Amazon Lex is a fully managed artificial intelligence (AI) service with advanced NLU models to design, build, test, and deploy conversational interfaces in applications. It integrates easily with other AWS cloud-based services as well as external interfaces. Amazon Lex uses the same foundation as Alexa. Amazon’s Alexa is available on more than 100 million devices worldwide and is configurable with more than 100,000 Alexa skills. These skills are usually command interpreters, but you can use Lex to build conversational AIs as well.
Based on the use case, it may be more sensible to build your own custom conversational AI system without relying on any of the existing solutions. More difficult in terms of realization, this is a good way to ensure that the end result will meet all of your desired criteria.
Conversational AI challenges
If you are considering building a conversational AI system, there will be obstacles on your path you have to be ready to overcome.

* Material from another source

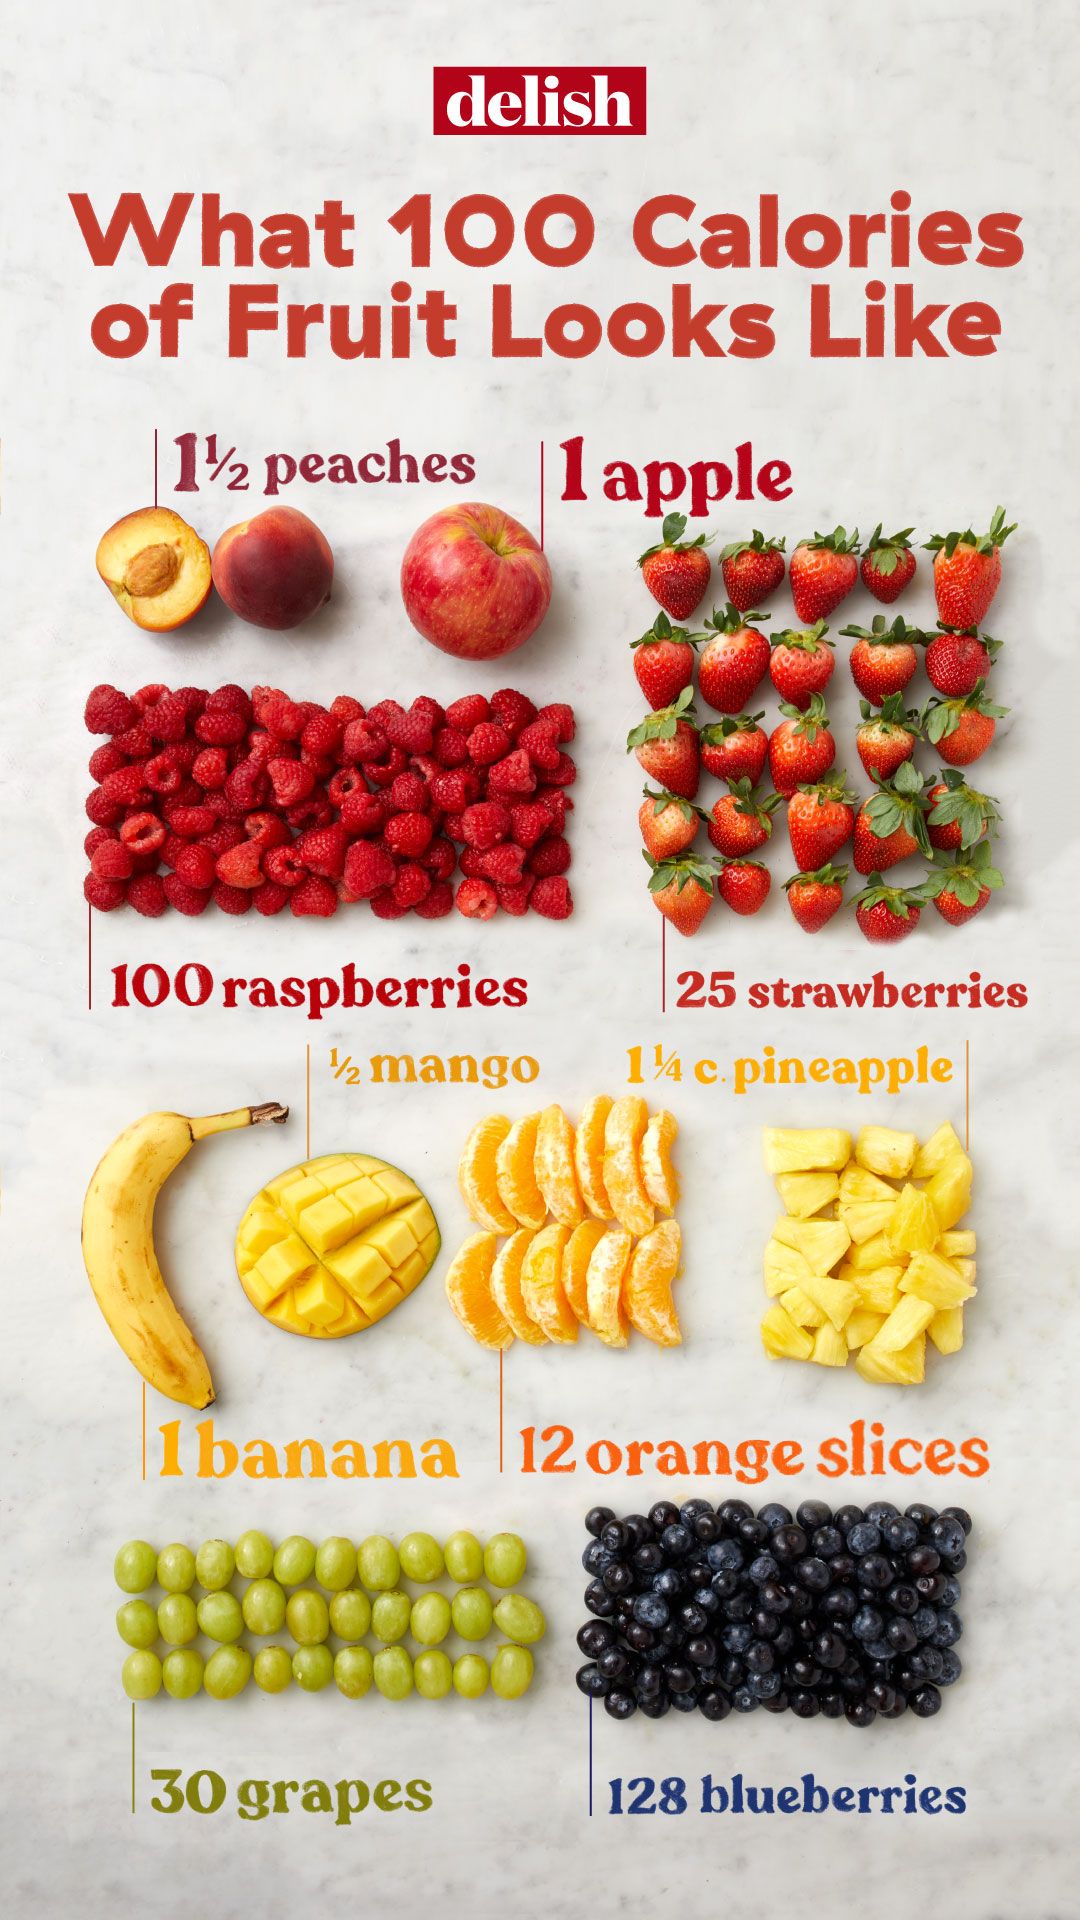 Calories Per Fruit Chart
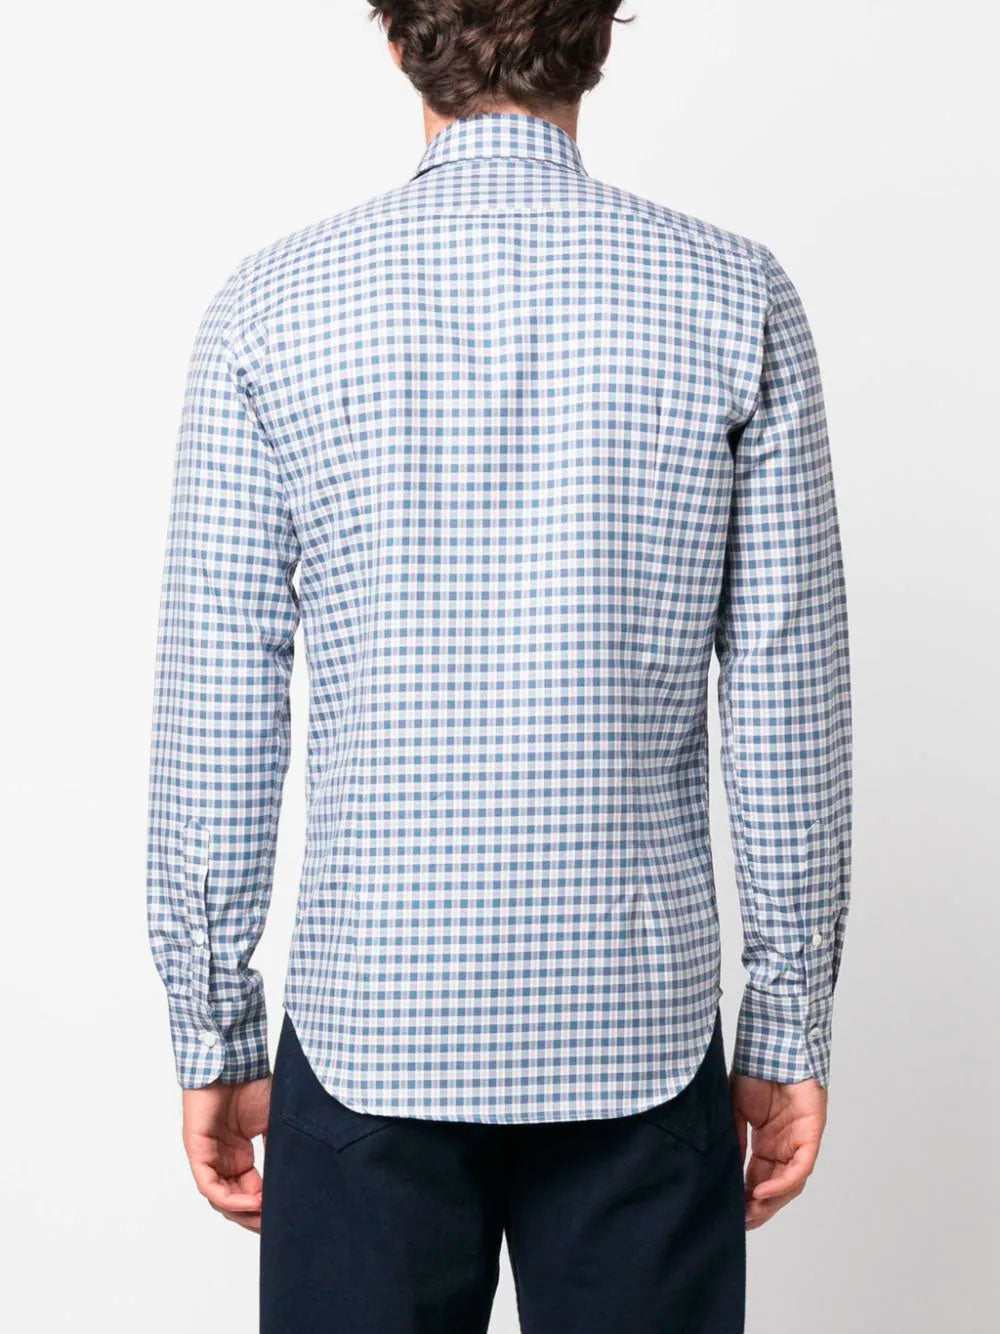 Plaid-check button-up shirt

First and foremost, language is hard. There are lots of different languages each with its own grammar and syntax. In addition to that, those languages are packed with dialects, accents, sarcasm, and slang that take the complexity of understanding speech to a whole new level. Besides, there are also spelling errors and noise that should be separated from important signals. These and other factors influence the communication between a human and a machine and are very difficult to deal with.
Security and privacy
To provide appropriate responses, your conversational AI needs a lot of data, which makes it prone to privacy and security breaches. Protecting your data and making your system compliant with all required security standards is a difficult yet mandatory task. Conversational AI applications must be designed to ensure the privacy of sensitive data.
While it’s not yet everybody’s go-to, conversational AI is in use and enjoying increasing popularity as people get to know and understand it. There are still challenges that have to be overcome to increase the number of people who are comfortable using this technology and for a wider variety of use cases. It is important to educate: Help your target audiences who are not familiar with the technology get to know it better.